Probably not worth it, no.

> >
> > > + * There's no race if a message comes in between the check in the while
> > > + * loop above and the ack below: If a new messages arrives inbetween
> > > + * those two the interrupt will just fire again immediately after the
> > > + * ack since it's level sensitive.
> >
> > I don't quite understand the reasoning. Why have IRQ controls at all
> > then on the M3?
>
> Re-read the two lines just above this one. If the interrupt is not acked here
> it will keep firing even when there are no new messages.
> But it's fine to ack it even when there are message available since it will
> just trigger again immediately.

Got it, thanks.

> > > + /*
> > > + * Only some variants of this mailbox HW provide interrupt control
> > > + * at the mailbox level. We therefore need to handle enabling/disabling
> > > + * interrupts at the main interrupt controller anyway for hardware that
> > > + * doesn't.
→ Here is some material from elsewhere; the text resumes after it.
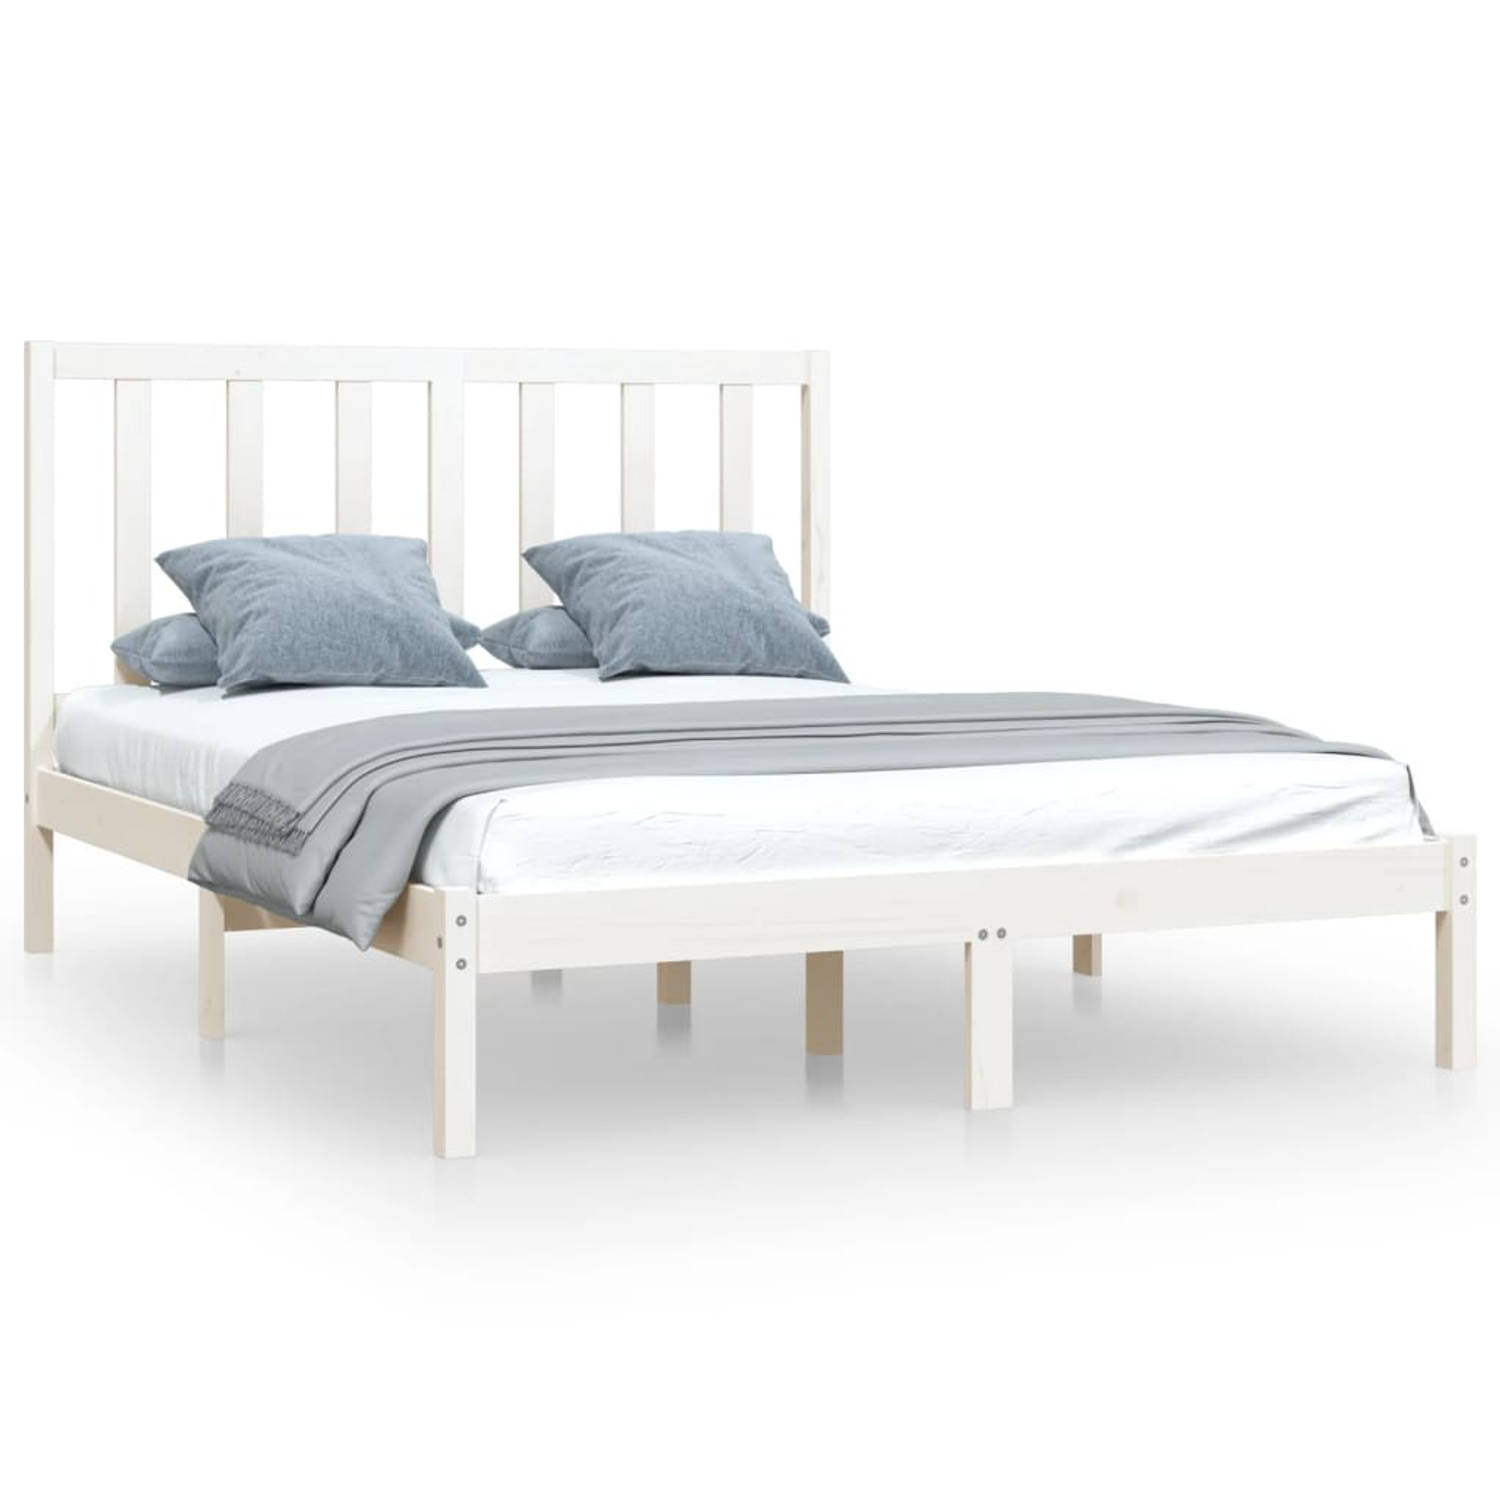 The Living Store Bedframe massief grenenhout wit 140x200 cm - Bedframe - Bedframes - Bed - Bedbodem - Ledikant - Bed Frame - Massief Houten Bedframe - Slaapmeubel - Bedden - Bedbod

Just always keep the interrupts we care about enabled at
> > > + * the mailbox level so that both hardware revisions behave almost
> > > + * the same.
> > > + */
> >
> > Cute. Does macOS do this? Are there any tradeoffs?
>
> Not sure if macOS does is and I also don't see a reason to care what it
> does exactly. I've verified that this works with the M3 mailboxes.
> I also don't see why there would there be any tradeoffs.
> Do you have anything specific in mind?
>
> I suspect this HW was used in previous SoCs where all four interrupts
> shared a single line and required this chained interrupt controller
> at the mailbox level. But since they are all separate on the M1 it's
> just a nuisance we have to deal with - especially since the ASC
> variant got rid of the interrupt controls.

Makes sense for a legacy block 👍